- **Work item**
Pictures stay out of the copy, and everything else in the data below is repeated exactly.

- **Data provided**
────────────────────

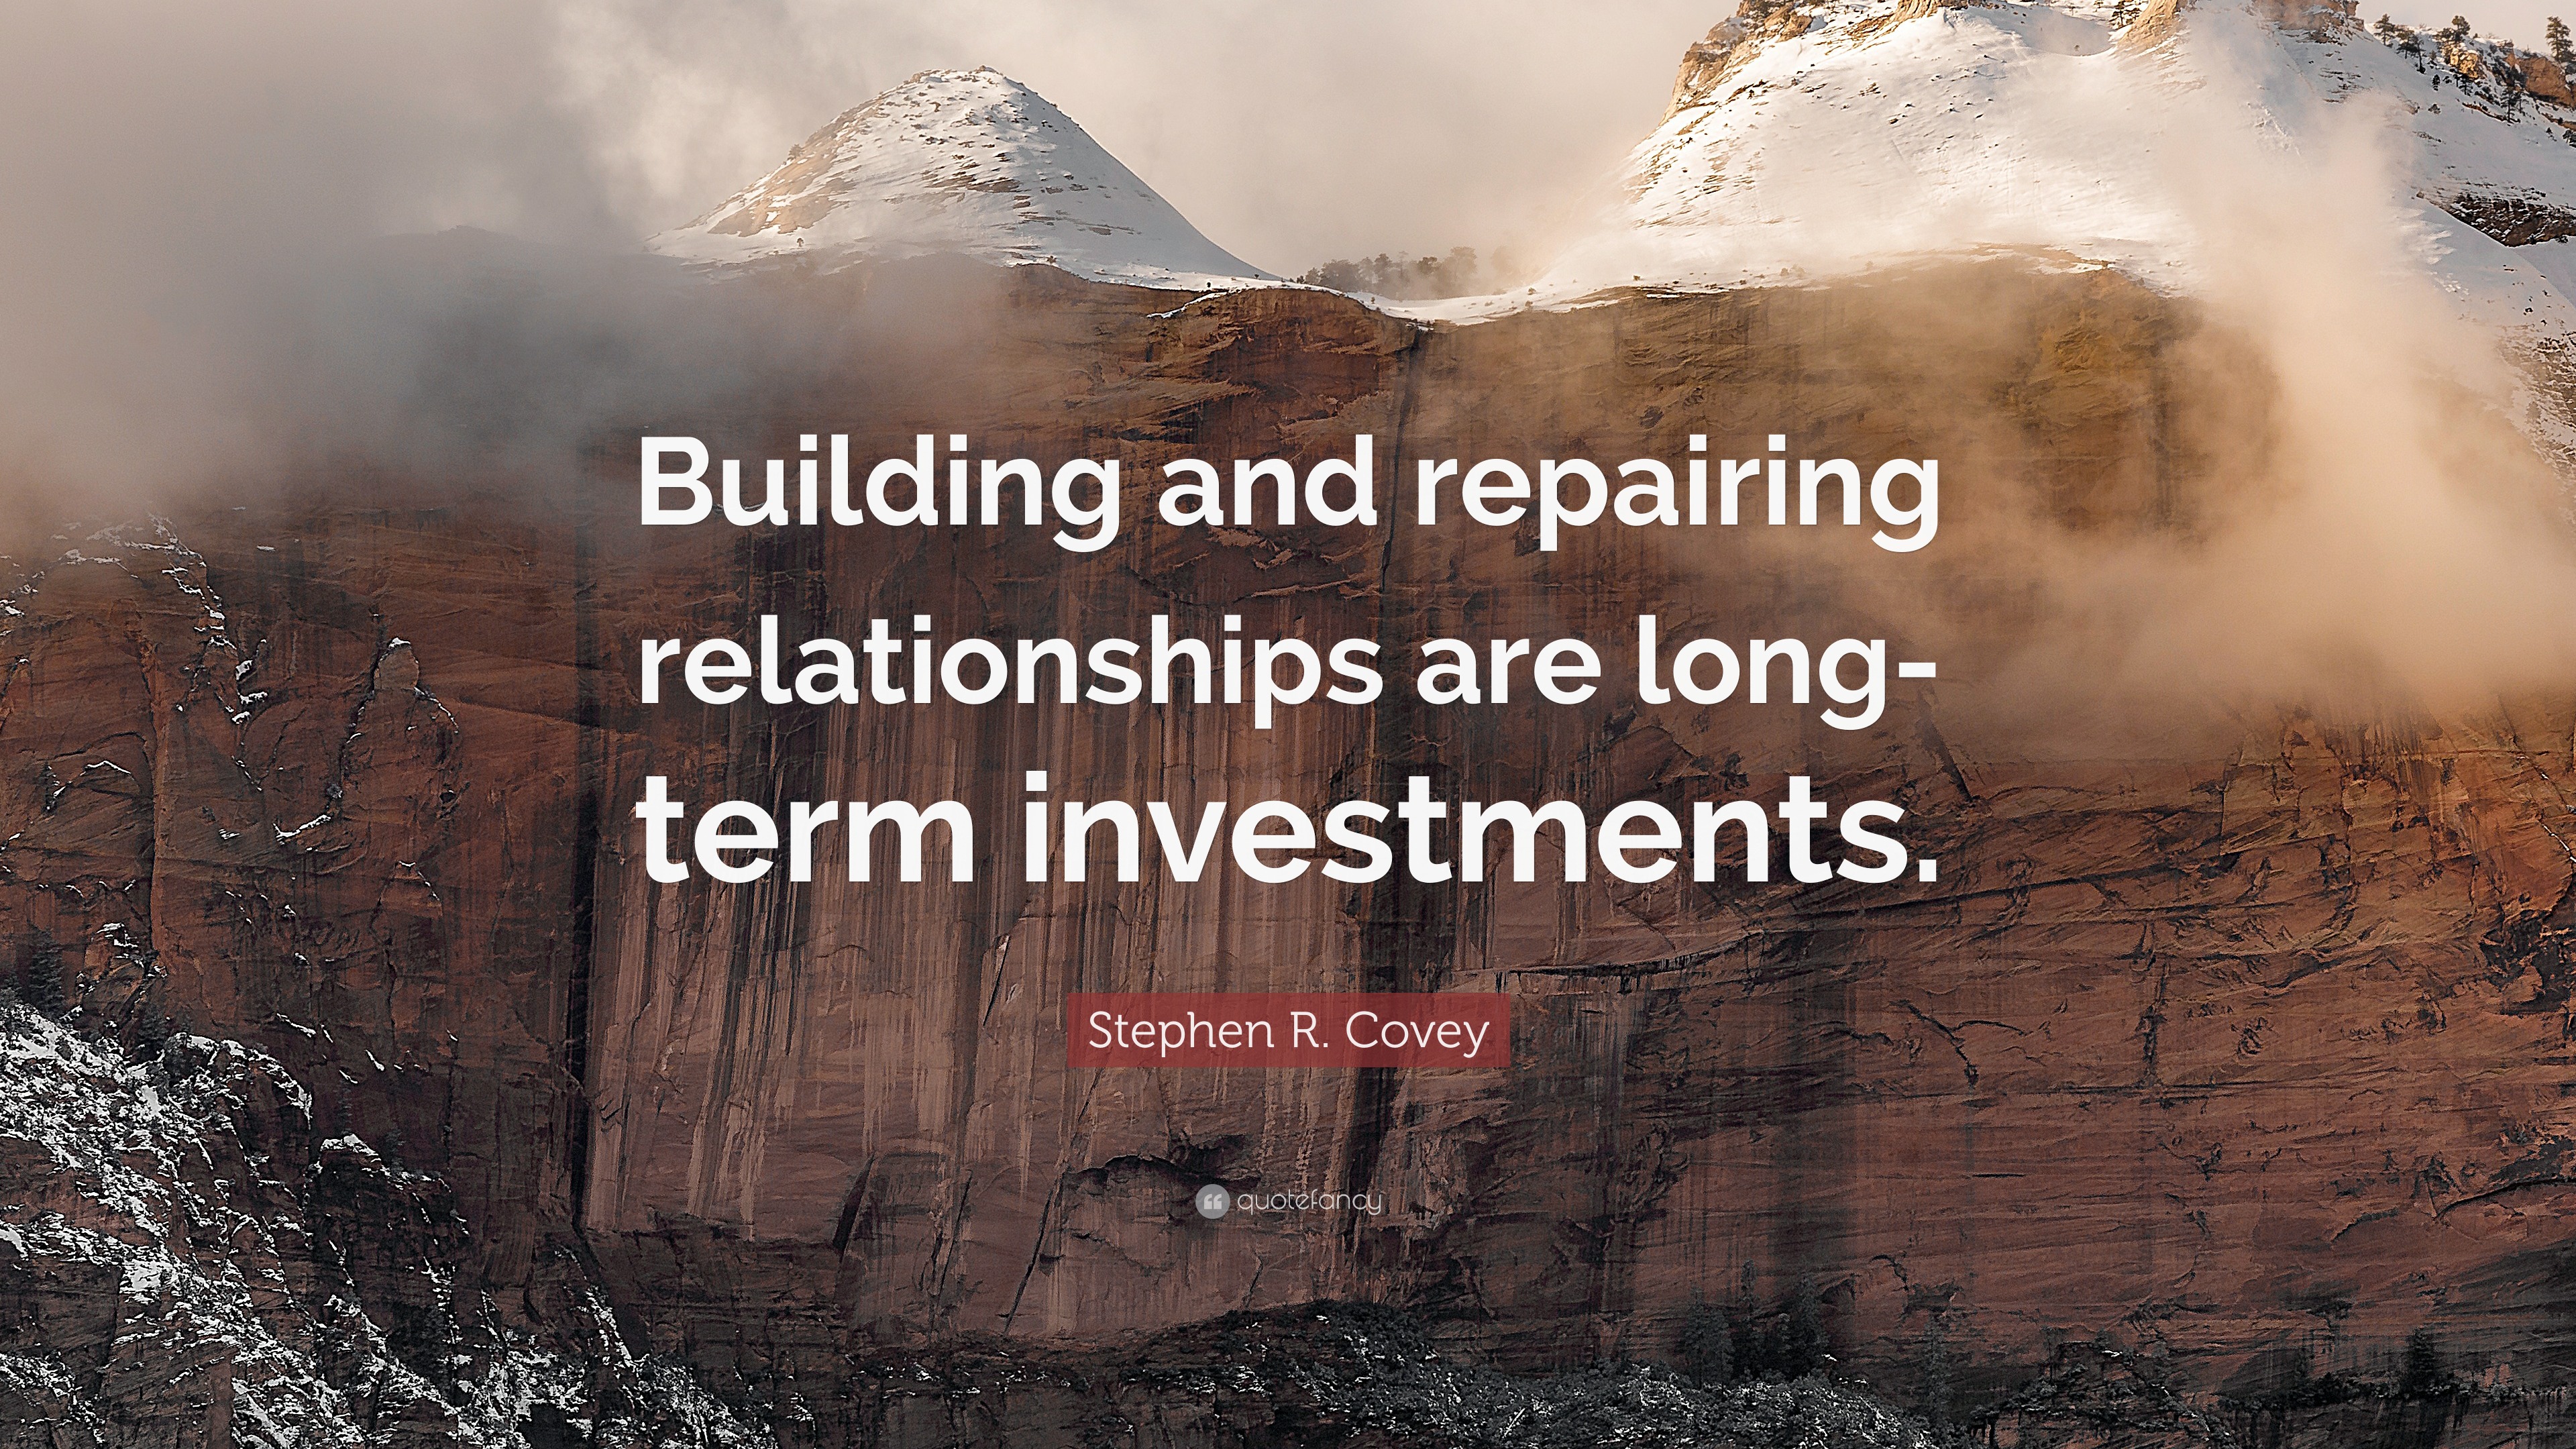 Stephen R Covey Quote “Building and repairing relationships are long term investments
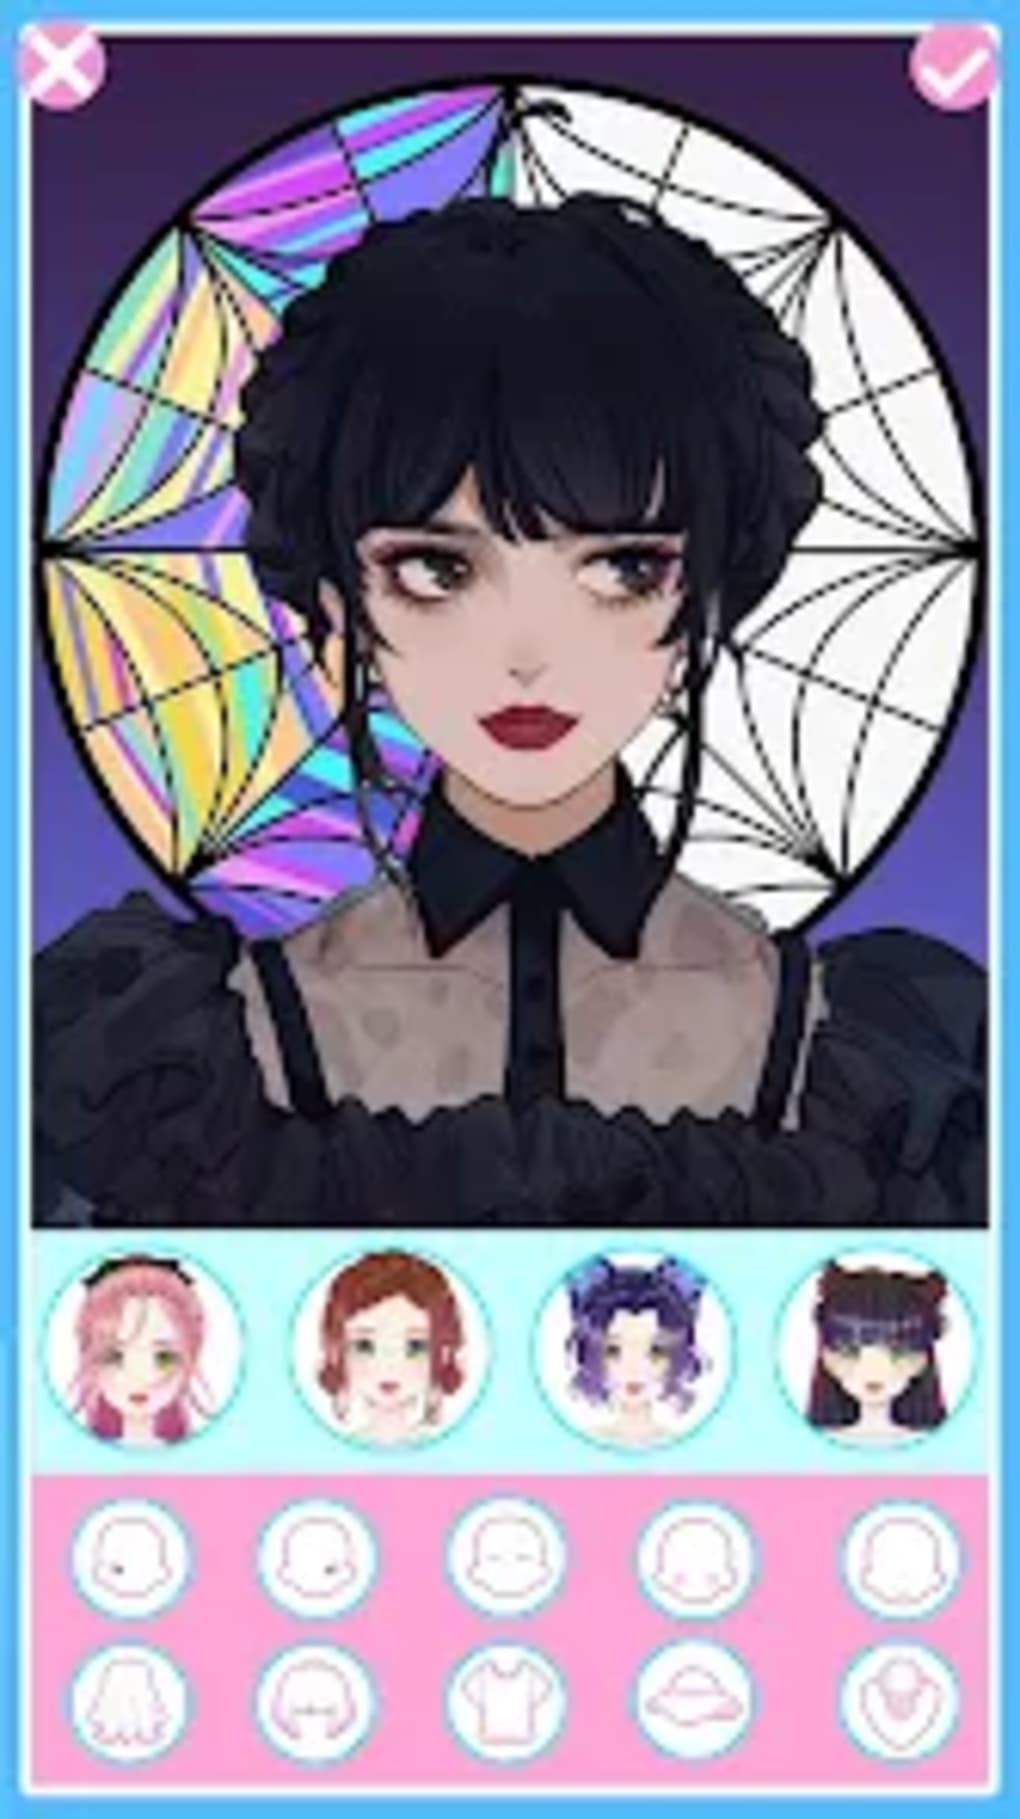 Anime Avatar Maker: Anime Doll APK for Android Download
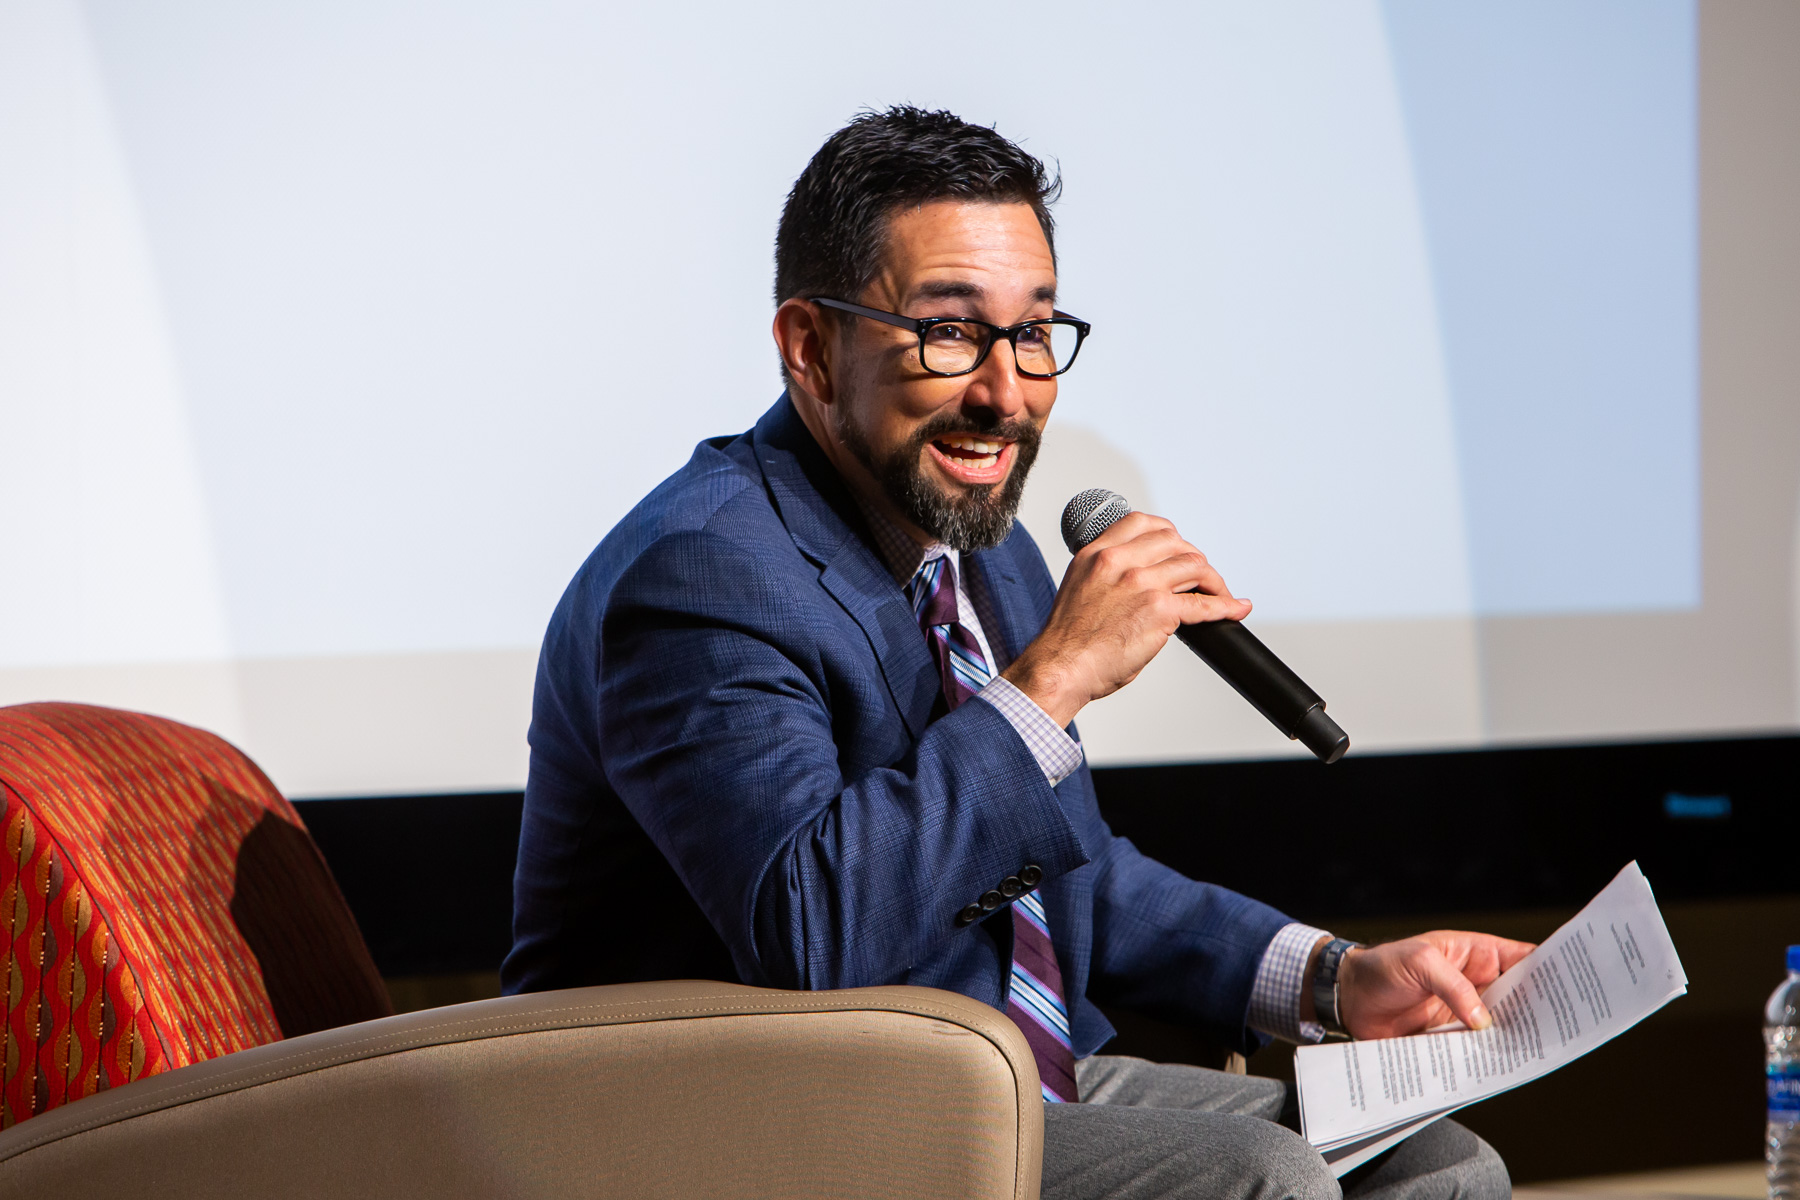 Before going into the panel discussion, Chris Tirres, associate professor of religious studies, shares a brief list of Jose Vargas's accolades in both journalism and activisim. (DePaul University/Randall Spriggs)

────────────────────

- **Result of the exercise**
 Stephen R Covey Quote “Building and repairing relationships are long term investments
 Anime Avatar Maker: Anime Doll APK for Android Download
 Before going into the panel discussion, Chris Tirres, associate professor of religious studies, shares a brief list of Jose Vargas's accolades in both journalism and activisim. (DePaul University/Randall Spriggs)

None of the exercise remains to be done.